Lurven war der boshafteste von allen Hunden, die mir je begegnet sind. Ich sehe ihn noch vor mir, wie er mit seinem etwas schiefen Kopf und den kleinen schielenden Augen, den Schwanz nach der einen Seite hinausgestreckt, über das Deck hinjagt, als sei er auf einen neuen Streich aus. Er wurde wegen seiner schlechten Streiche sehr oft von uns durchgewalkt und verlegte seine Taten deshalb gern auf eine Zeit, wo er weniger unter Aufsicht war. Wenn wir zum Beispiel an den Segeln beschäftigt waren, konnten wir eines Kampfes sicher gewärtig sein. In der Dunkelheit und Stille der Nacht, wenn Lurven die beiden aufeinandergehetzt hatte, benutzte er oft die Gelegenheit, Ola in den Rücken zu fallen, und dann konnte der Alte nicht allein fertig werden. Armer Ola! Bei diesen nächtlichen Kämpfen wurde er oft böse zugerichtet. Silla sprang bei solchen Gelegenheiten rings um die Kämpfenden herum; sie vollführte allein einen Spektakel, der den der beiden anderen ganz übertäubte, und biss diese auch von Zeit zu Zeit in die Beine.

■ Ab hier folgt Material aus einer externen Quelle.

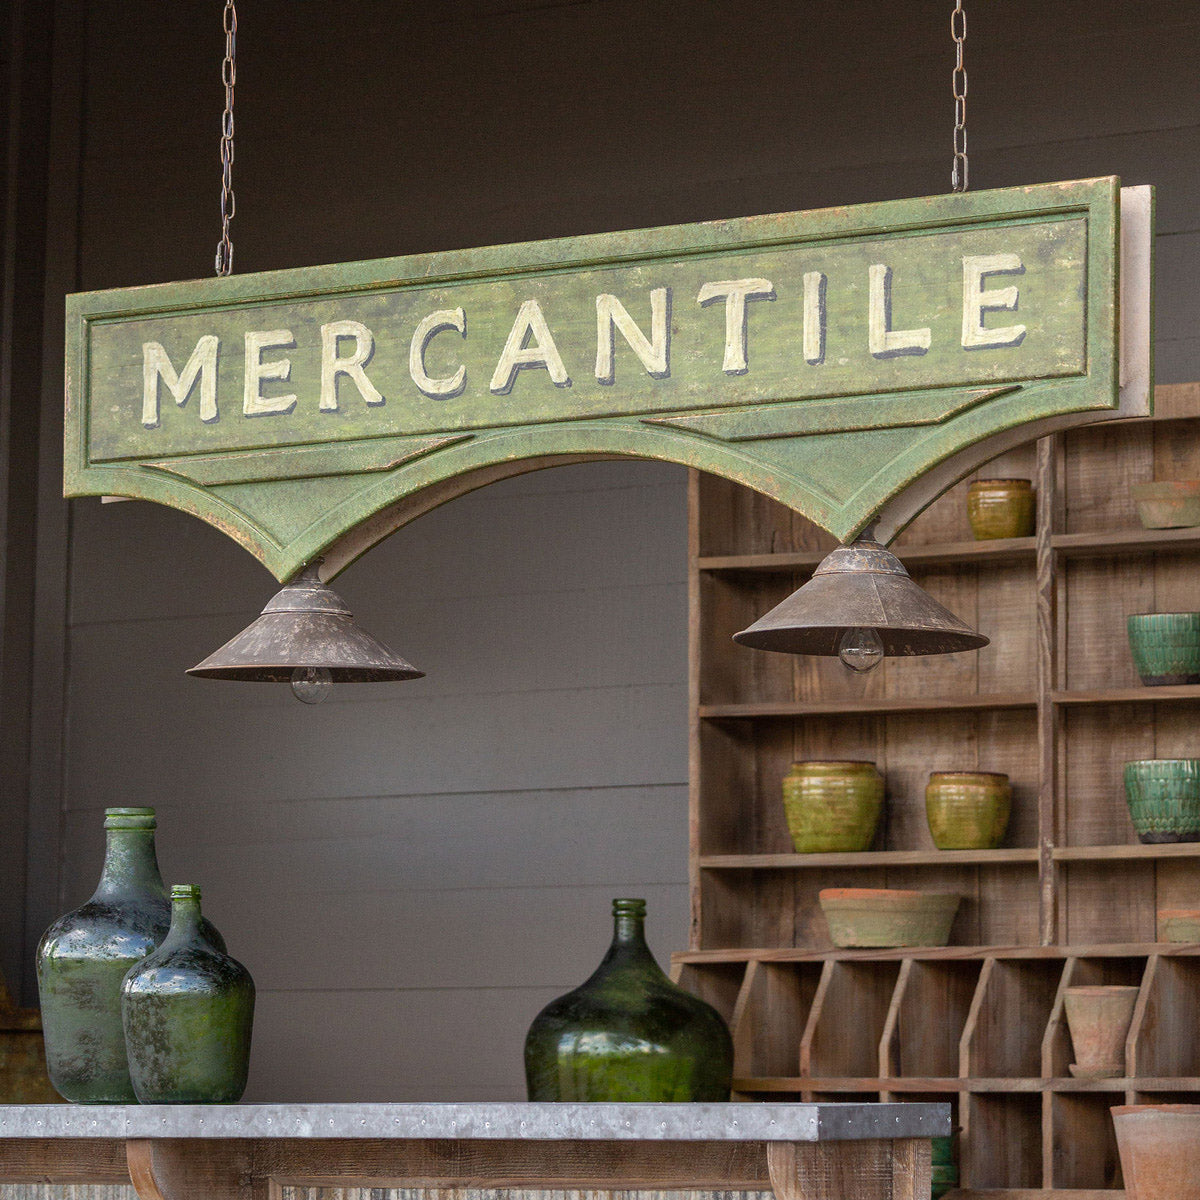 Mercantile Light Fixture- More Coming Soon!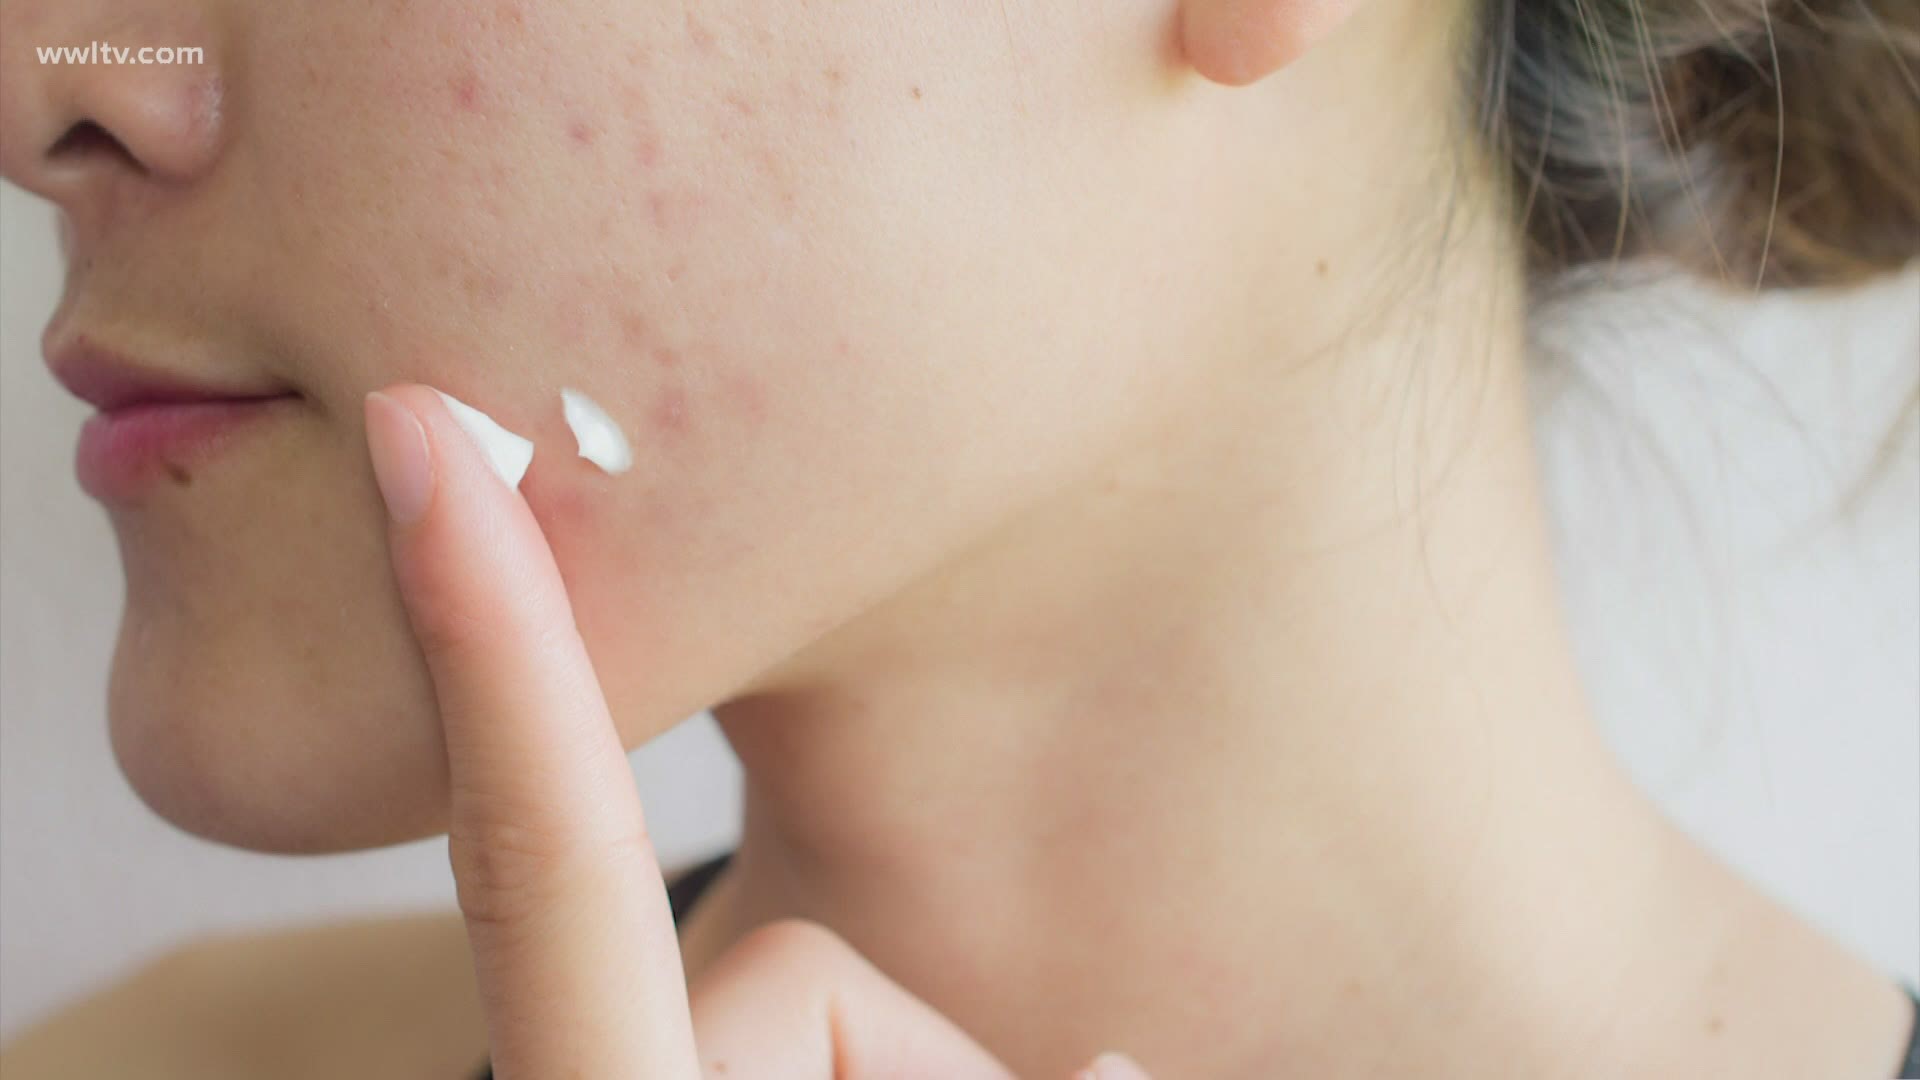 For some women, hormonal acne pops up every month. In this week's "Your Best Life," a hormone expert talks about getting clear skin naturally.

Es regnete unentwegt weiter, und wir sammelten das Regenwasser in alle unsere Gefäße, als Waschwasser für uns und als Trinkwasser für die Hunde. Aber für gewöhnlich wuschen wir uns mit Seewasser und konnten es da nicht so genau mit der absoluten Reinlichkeit nehmen.
Von jetzt an hielten wir scharfen Ausguck nach Eis, und am neunten Juli entdeckten wir zwei schmale Streifen, die in der See auf und ab wogten; da wussten wir, dass wir nun bald die Hauptmasse des Eises erwarten konnten. Und ganz richtig, nicht lange danach hatten wir das Packeis mächtig und fest vor uns! In dessen Gefolge kam der Nebel, der treue Begleiter des Eises, der uns während eines großen Teils unserer Reise in den arktischen Gewässern Gesellschaft leistete.
Am elften Juli um halb drei Uhr nachmittags bekamen wir Land in Sicht, etwas westlich vom Kap Farewell. Die hohe zerrissene Felsenküste war ein prächtiger Anblick. Es sah aus, als reiche das Eis bis dicht an das Land heran. Dem Rat der schottischen Walfischfänger Milne und Adams gemäß hielt ich mich weit von der Küste entfernt, um nicht in das Eis hineinzugeraten.